Отчаяние и страх охватили Василису. Рука, державшая шприц, непривычно дрогнула. Почувствовав неладное, Татьяна Петровна оглянулась. Девушка горько плакала.
− Мы сделаем укол позже, − предложила она. – Пойдем молочка с хлебушком попьем. Я сегодня у Зойки надоила.
Девушка кивнула, стыдясь собственной слабости.
− Простите меня.
− Что случилось, милая? – сочувственно поинтересовалась женщина.
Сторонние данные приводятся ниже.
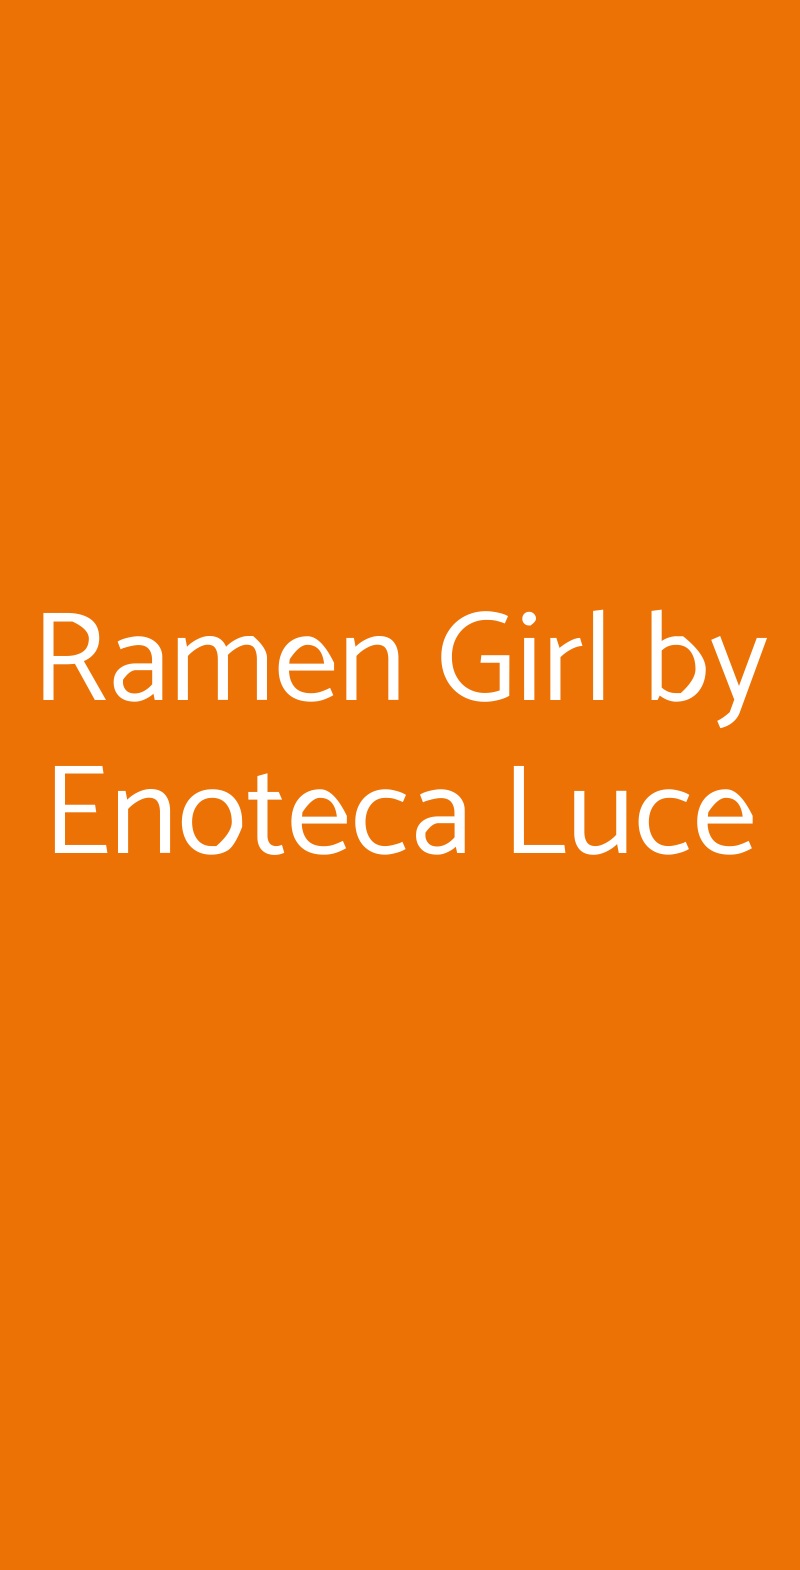 Ramen Girl by Enoteca Luca Firenze menù 1 pagina

Василиса рассказала и об отсутствии денег, и о своих переживаниях по поводу малыша. Татьяна Петровна обняла её, поглаживая по голове, как бабушка. Девушка прильнула к ней, ища поддержки. Она так боялась, что её начнут ругать или назовут неудачницей. Соседка предложила Василисе работу по хозяйству в её доме, насколько позволит живот, а платить будет продуктами питания.
− А как же Митя? – растерялась девушка.
Татьяна Петровна скептически посмотрела на неё:
− Кто не работает, тот не ест.
Понуро опустив голову, Василиса вернулась домой. Питание нужно не столько ей, сколько той маленькой жизни, зарождающейся внутри, поэтому отвергнуть предложение соседки она не могла. Чувство вины перед мужем росло, словно снежный ком, летящий с горы. Арендаторы в конце сентября покинули дом, переезжая в город. Василиса с сожалением провожала Ольгу с Сергеем. Отсыпаясь после двухдневных посиделок у трех березок, Митя даже не вышел попрощаться.
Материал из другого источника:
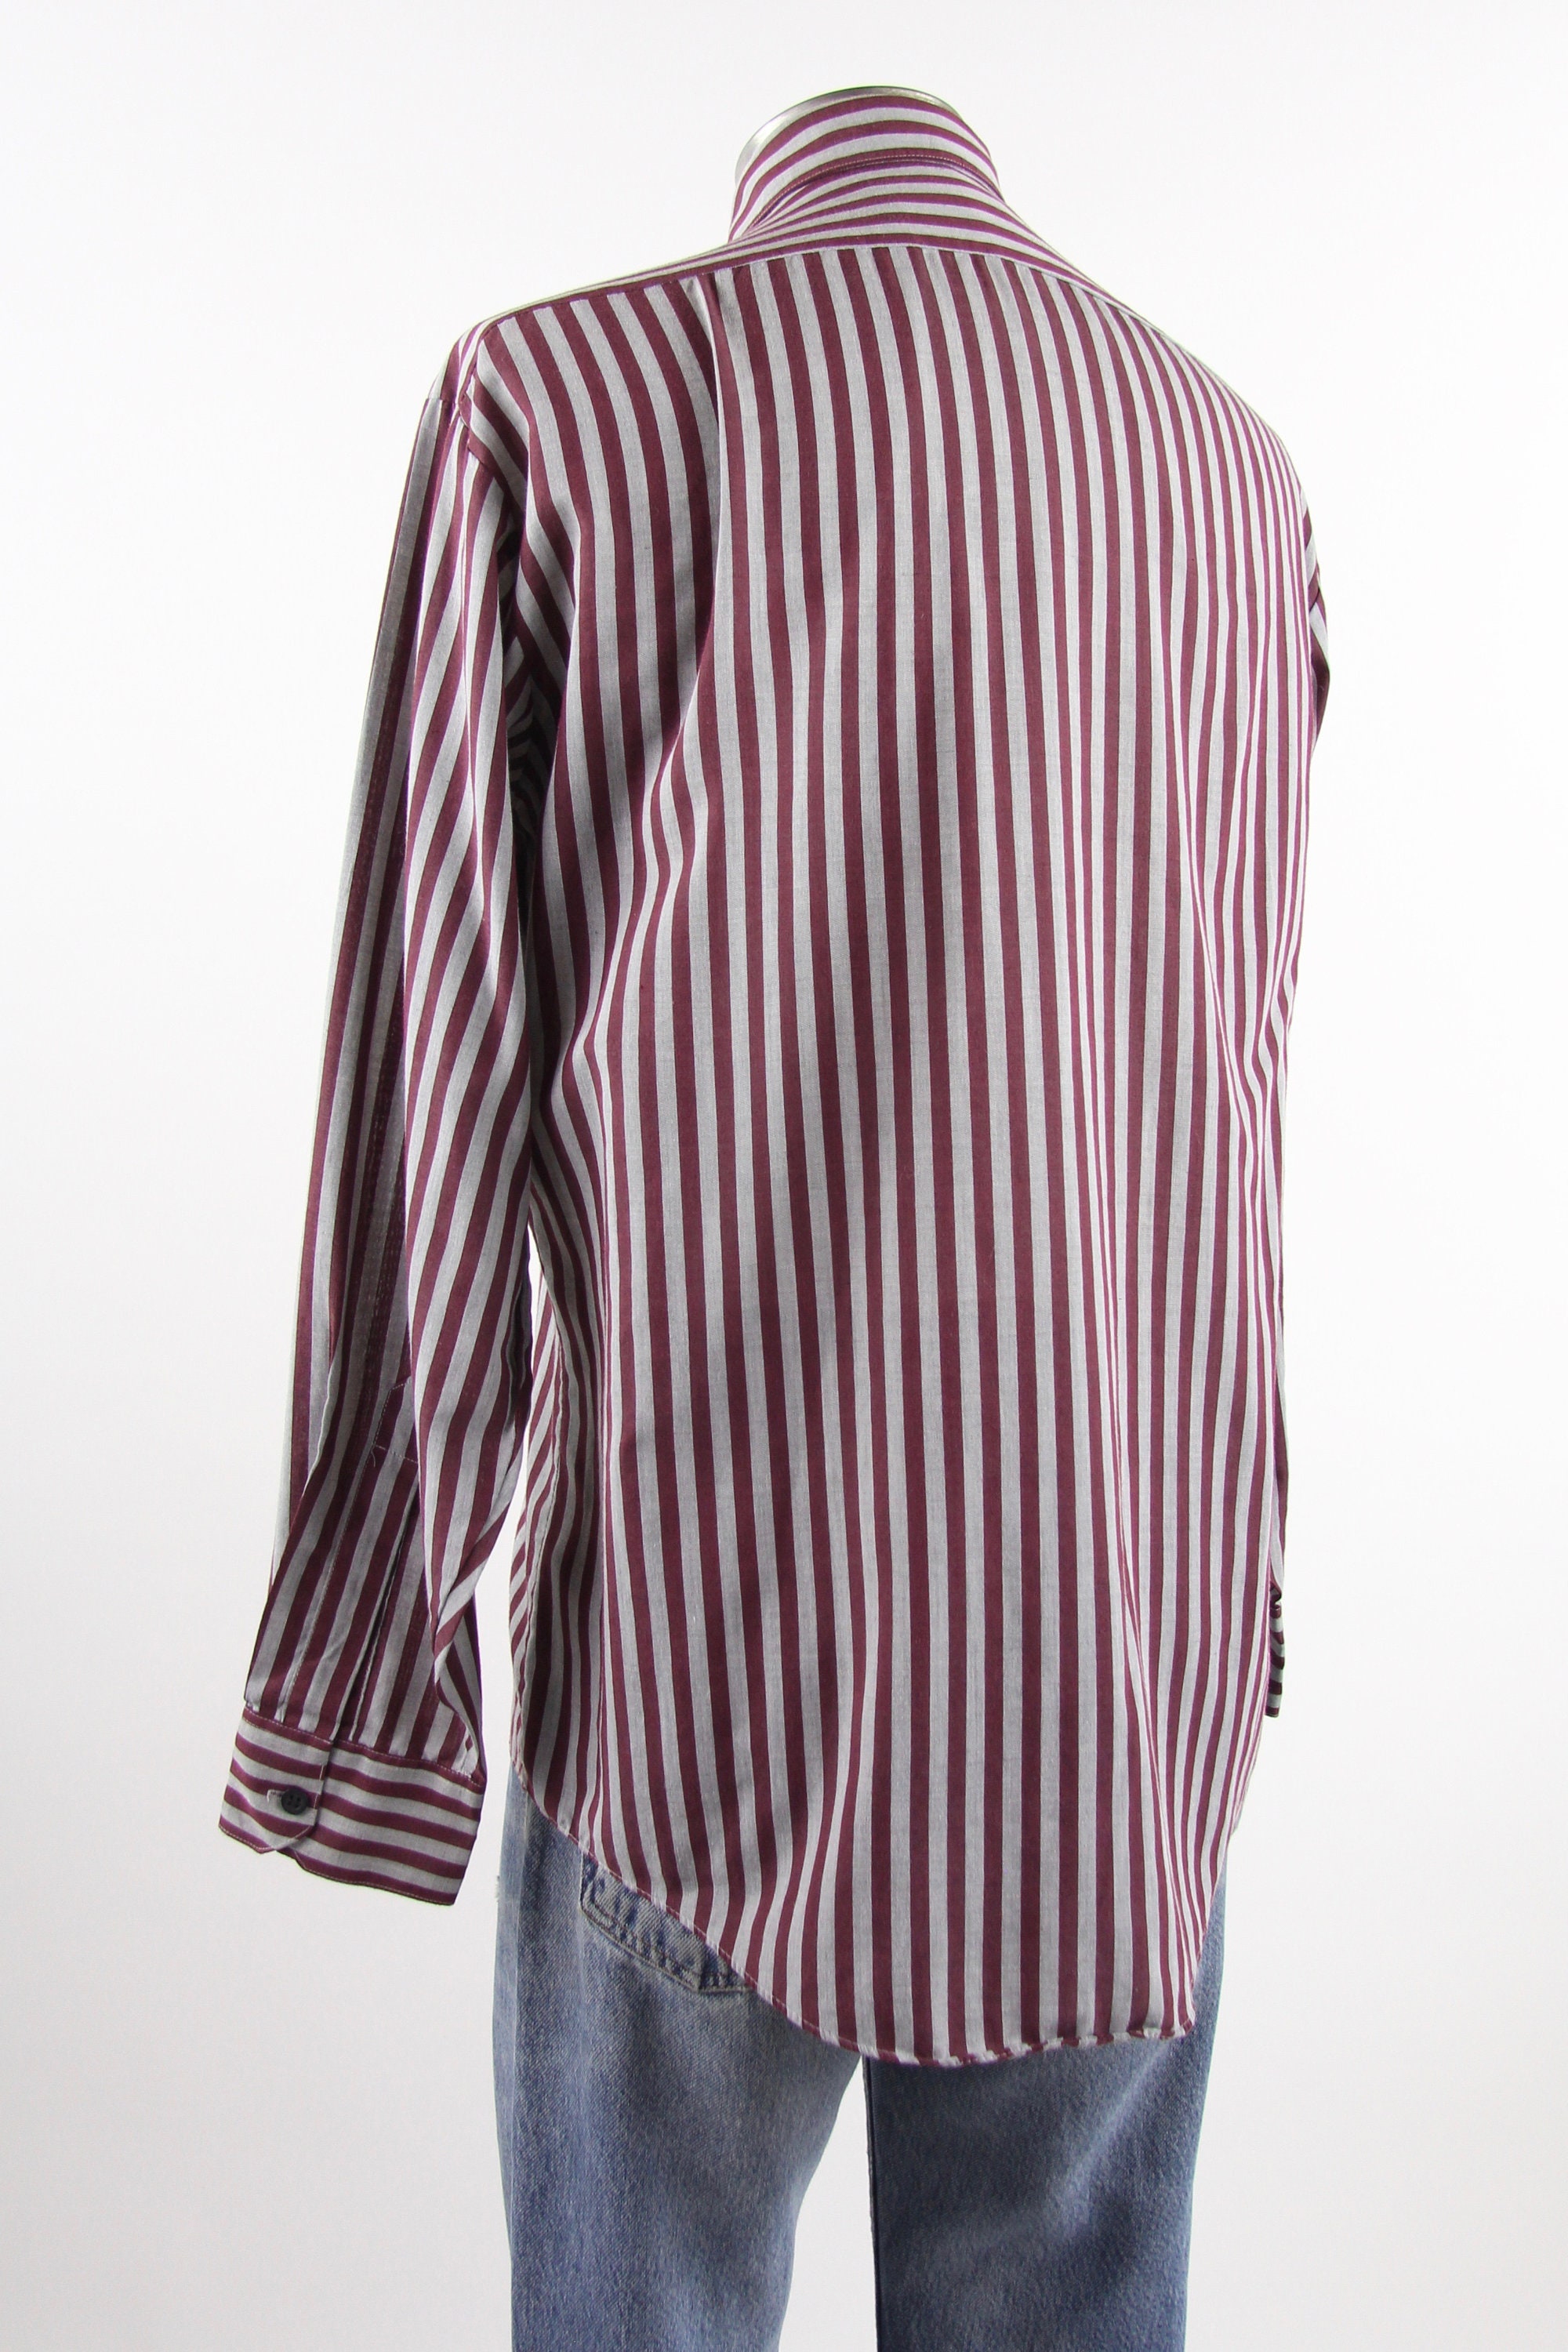 Maroon Striped Shirt Men's Vintage Button Down Dress Shirt Size Medium

Дни тянулись за днями. Василиса помогала Татьяне Петровне убирать за курицами, подкармливала козу Зойку и кроликов. В доме, благодаря её усилиям, множились банки с различными зимними заготовками. Потихоньку в карманах оседали огурчик, помидорчик или кусок хлеба для Мити. Краска стыда заливала лицо, но не заботиться о муже ей казалось большим грехом. Слова просьбы застревали в горле комом, да и соседка, скорее всего, догадывалась о её действиях, предлагая взять одну из баночек только что сделанных салатов.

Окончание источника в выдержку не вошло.